Compute fuzzy-hard versions of pair-sorting partition metrics
Source:R/fuzzyPartitionMetrics.R
fuzzyHardMetrics.Rd
Computes fuzzy-hard versions of pair-sorting partition metrics to compare a
hard clustering with both a fuzzy and hard truth. This was especially
designed for cases where the fuzzy truth represents an uncertainty of a hard
truth. Briefly put, the maximum of the pair concordance between the
clustering and either the hard or the fuzzy truth is used, and the hard truth
is used to compute completeness. See fuzzyPartitionMetrics
for
the more standard implementation of the metrics.
Usage
fuzzyHardMetrics(
hardTrue,
fuzzyTrue,
hardPred,
nperms = NULL,
returnElementPairAccuracy = FALSE,
lowMemory = NULL,
verbose = TRUE,
BPPARAM = BiocParallel::SerialParam()
)
Arguments
- hardTrue
An atomic vector coercible to a factor or integer vector containing the true hard labels.
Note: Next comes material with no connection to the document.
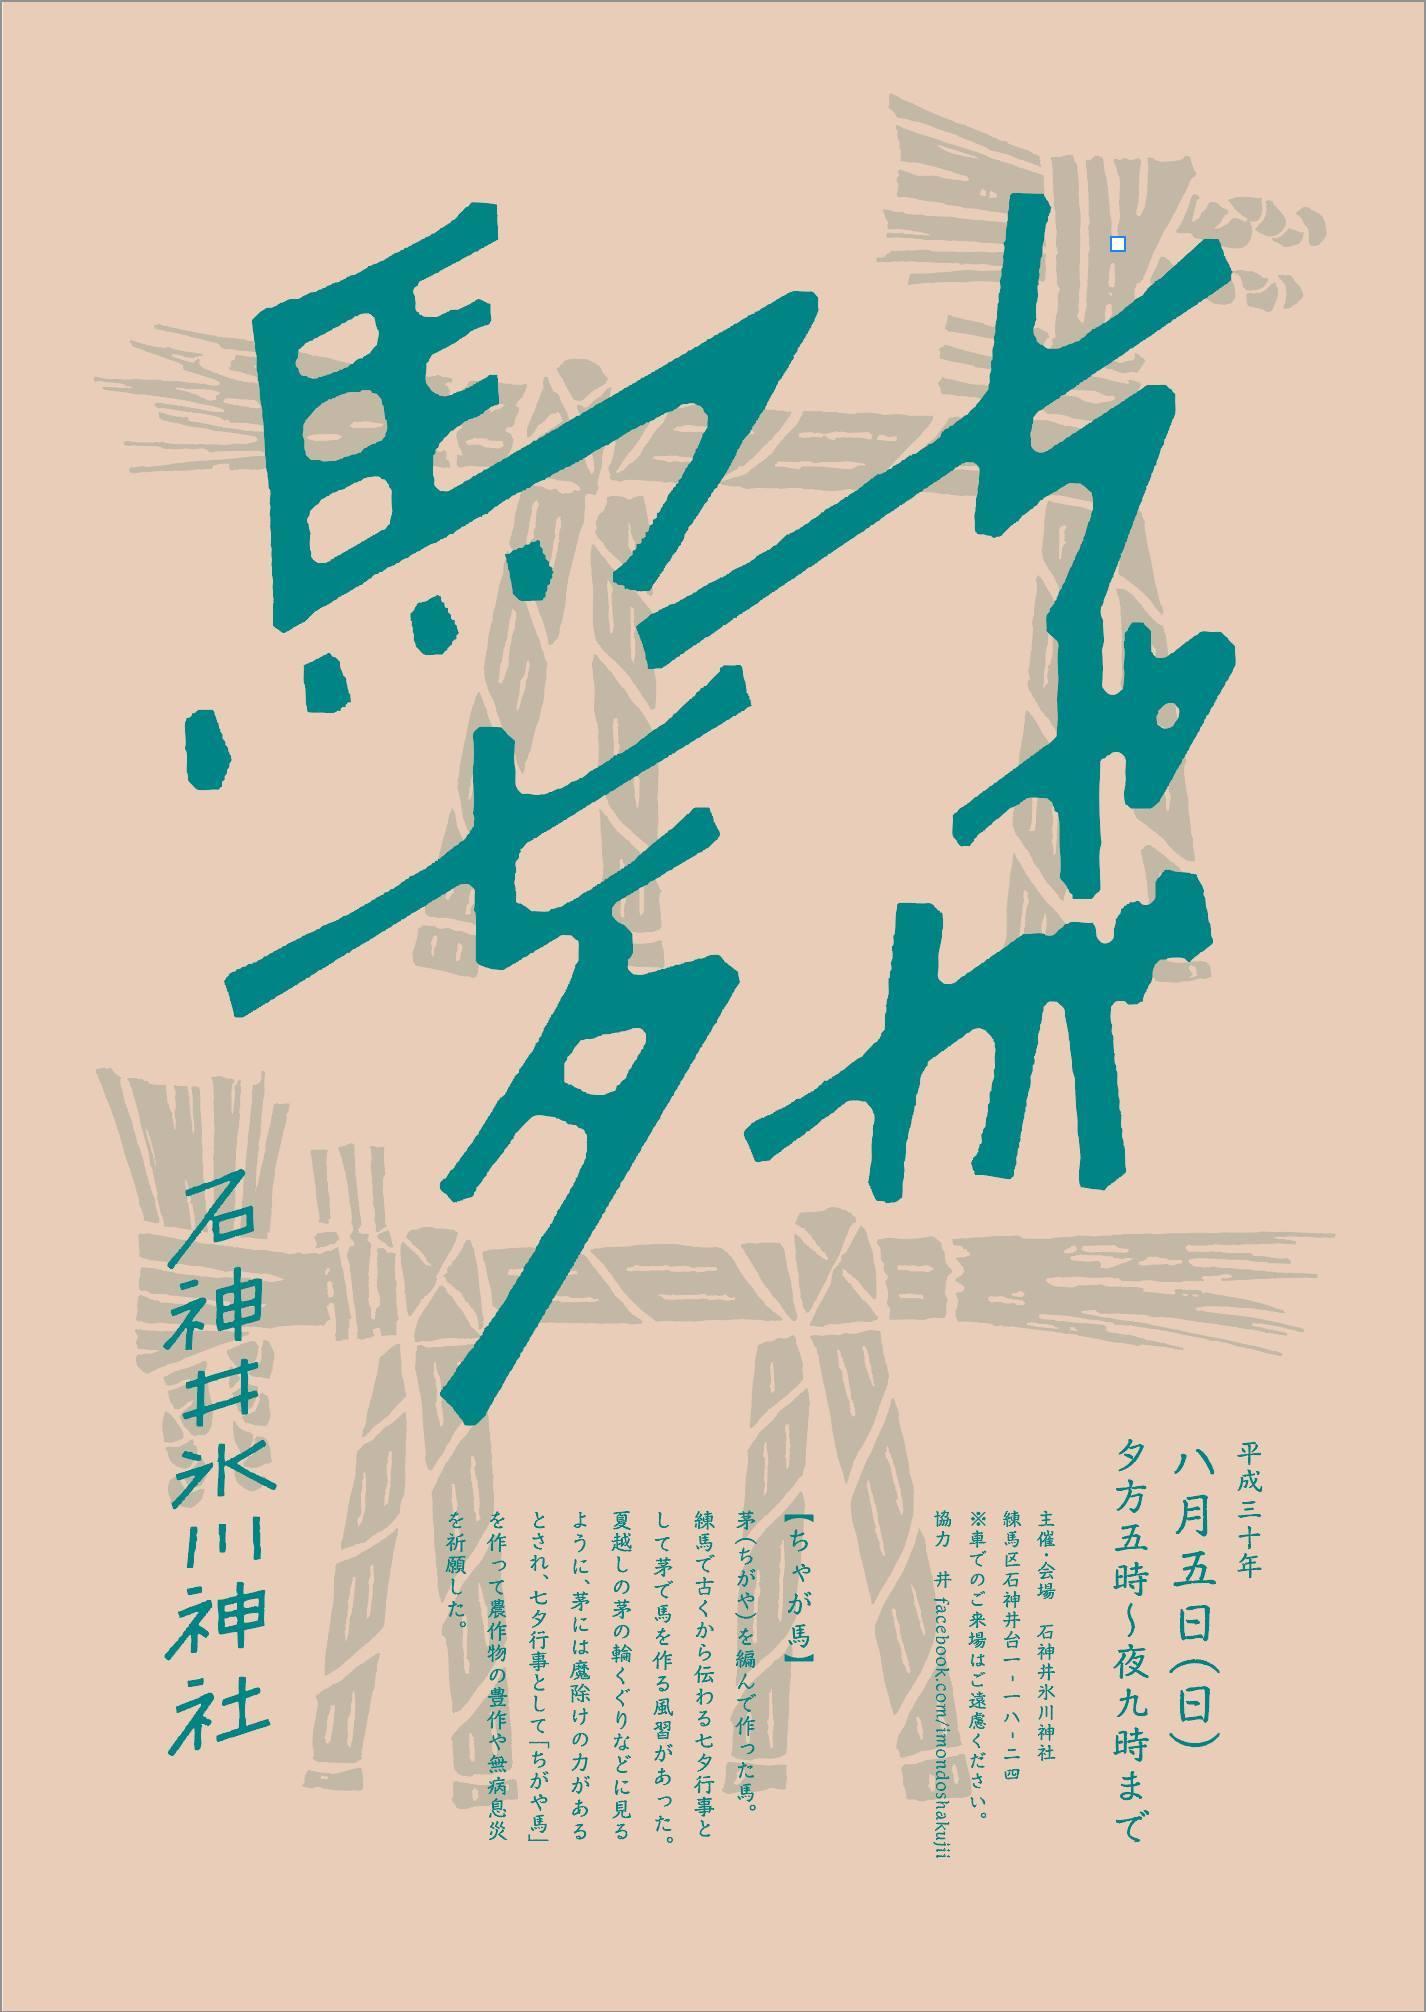 【8/6】「ちゃが馬七夕」に出店します_a0121669_12405531.jpg

Must have the same length as
hardPred
.- fuzzyTrue
A object coercible to a numeric matrix with membership probability of elements (rows) in clusters (columns). Must have the same number of rows as the length of
hardTrue
. Also note that the columns offuzzyTrue
should be in the order of the levels (or integer values) ofhardTrue
.- hardPred
An atomic vector coercible to a factor or integer vector containing the predicted hard labels.
- nperms
The number of permutations (for correction for chance). If NULL (default), a first set of 10 permutations will be run to estimate whether the variation across permutations is above 0.0025, in which case more (max 1000) permutations will be run.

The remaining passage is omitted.